Laird Stewart
4/16/25
Take a Gaussian probability distribution f(x; \mu, \sigma)=\frac{1}{\sigma\sqrt{2\pi}}\exp(-\frac{1}{2}(\frac{x-\mu}{\sigma})^2)
This is the definition of the likelihood function.
I’ll emphasize that the expression on the right hasn’t changed. A few things fall out of this 1) Previously the integral of f (holding \mu, \sigma constant) over x was 1. Now if we integrate L over \mu and \sigma (holding x constant) there is no reason to expect the integral is still 1. 2) L evaluated at (\mu=a,\sigma=b;x=5) is a likelihood. If f happened to be parameterized by \mu=a,\sigma=b and evaluated at x=5 the result would be the same (since the expression is the same). Therefore, the value of f evaluated at x=5 is the likelihood of its parameters parameterized by x=5. That’s a long-winded way to say f(x) is a likelihood. (Remember it is the integral of f which is a probability: \int_a^bfdx).
So what does it mean?
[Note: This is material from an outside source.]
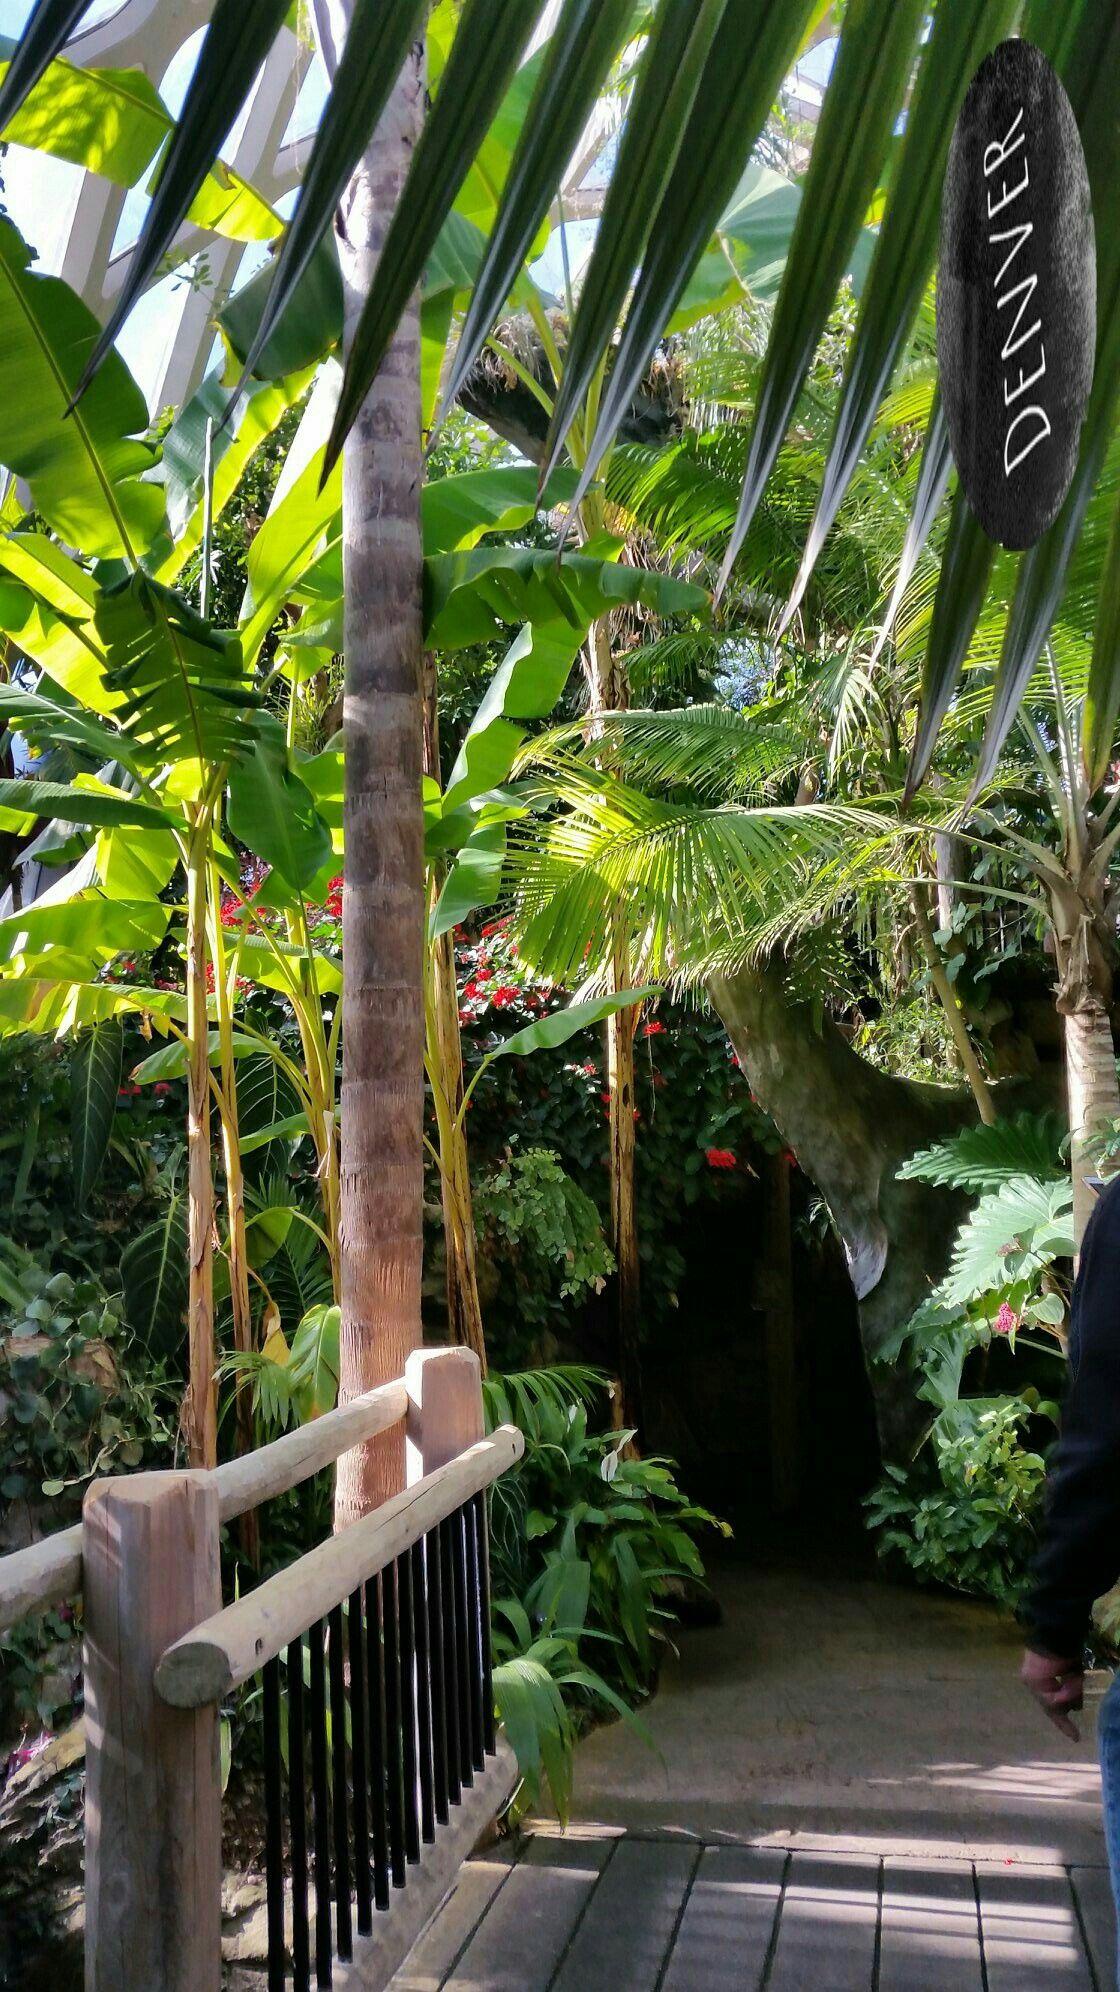 Lush Tropical Gardens under the dome at The Denver Botanical

Look at the line on this surface for \mu=5.5. Notice that near \sigma=0 it has a low likelihood. As \sigma increases, its likelihood increases for a bit and then declines again. Consider three points along that line (\mu, \sigma) = (5.5, 0.2), (5.5, 1), (5.5, 2). How did we calculate the value of L at each of these points? We just plugged in these (\mu, \sigma) pairs along with x=5 into the expression above. Let’s visualize our doing that, but letting x vary again (notice these curves are PDFs now).
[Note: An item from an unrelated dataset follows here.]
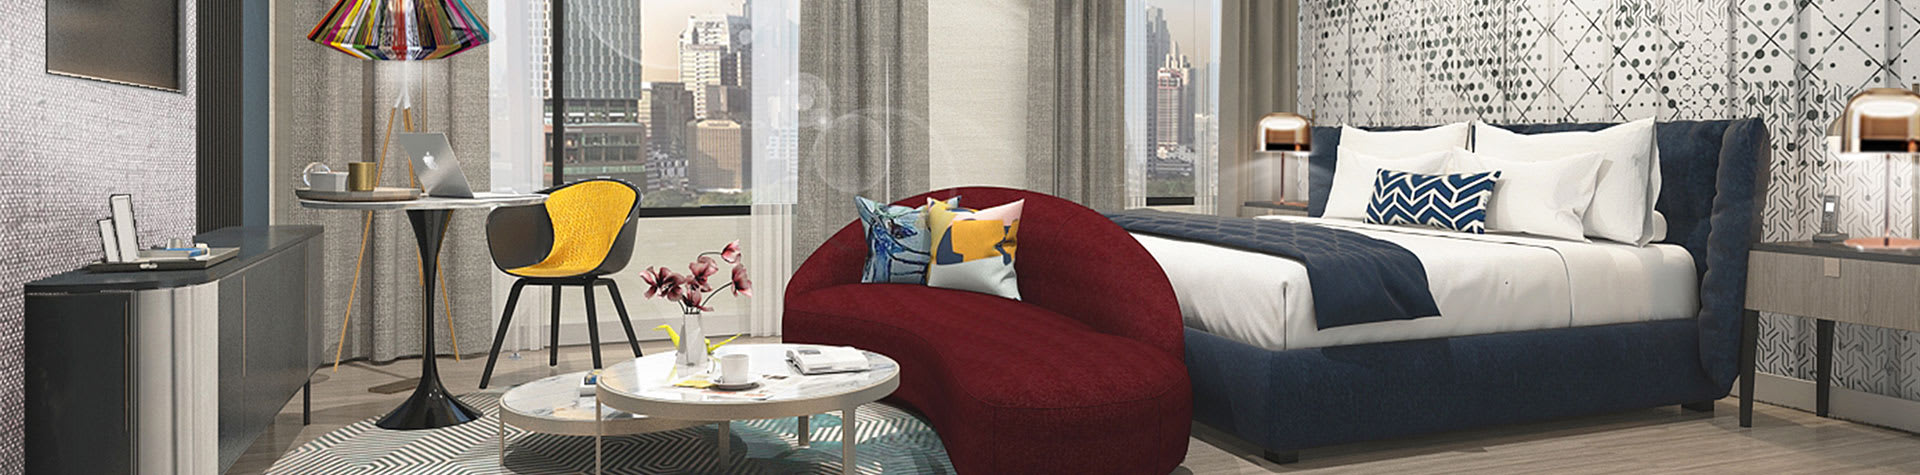 Avani Skyline Deluxe Room at Avani Sukhumvit Bangkok Hotel

The value of our likelihood surface for each combination (\mu, \sigma) is the intersection of the red line with each of these PDFs. Orange performs the best. Even if we centered the green PDF on x=5 it would still not have as high a value as the orange curve. So we can think about the values of the likelihood function like this: “how well does this pair of parameters (\mu,\sigma) fit the data point x=5?”
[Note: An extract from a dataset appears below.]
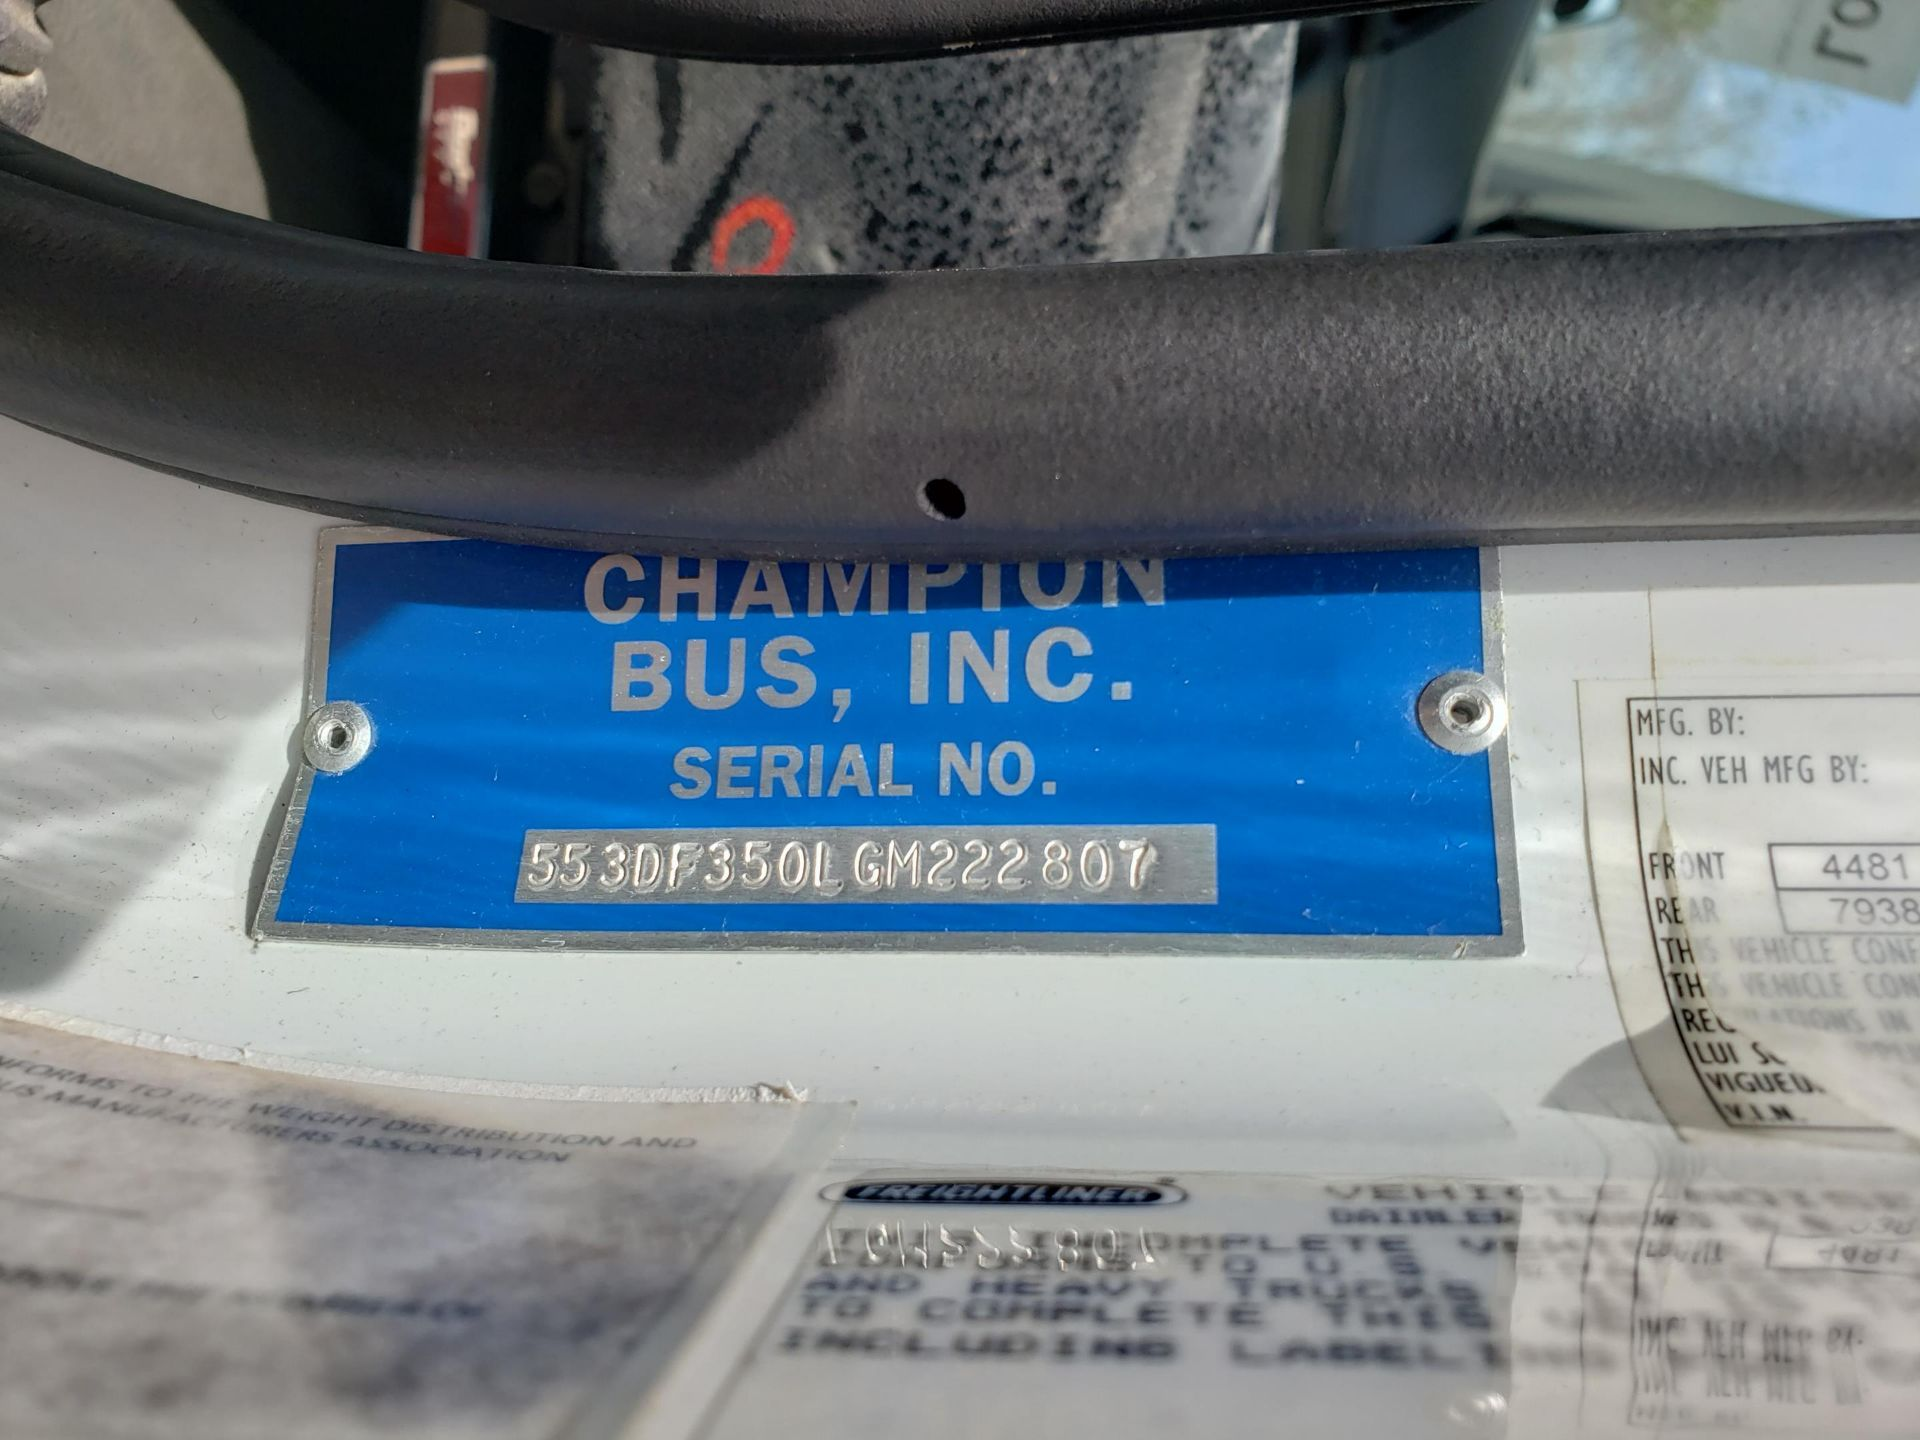 2013 Freightliner M2 106 33-Pass Champion Defender Shuttle Bus - Image 15 of 17

That brings us to Wikipedia’s definition: “A likelihood function (often simply called the likelihood) measures how well a statistical model explains observed data by calculating the probability of seeing that data under different parameter values of the model.” Hopefully this is clear now.
One last thing. Wikipedia’s article continues “It is constructed from the joint probability distribution of the random variable that (presumably) generated the observations”. When I said earlier that the definition of the Likelihood was simply the PDF with its parameters considered as variables that was only partially true. It is actually the joint PDF. In this case we just considered a “joint” PDF with only one part. L(\mu, \sigma; x_1,x_2,...x_n)\triangleq \prod_{i=1}^nf(x_i;\mu,\sigma)=\prod_{i=1}^n\frac{1}{\sigma\sqrt{2\pi}}\exp(-\frac{1}{2}(\frac{x_i-\mu}{\sigma})^2) The likelihood function is useful because it helps us guess the parameters of a distribution given some samples from it. Say we have IID samples x_1,x_2,\cdots,x_n, from a known distribution with unknown parameters, and we want to find the parameters which maximize the probability of having drawn this sample. The parameters which maximize the likelihood function are those parameters! If this isn’t clear, think back to the one dimensional case and the previous figure.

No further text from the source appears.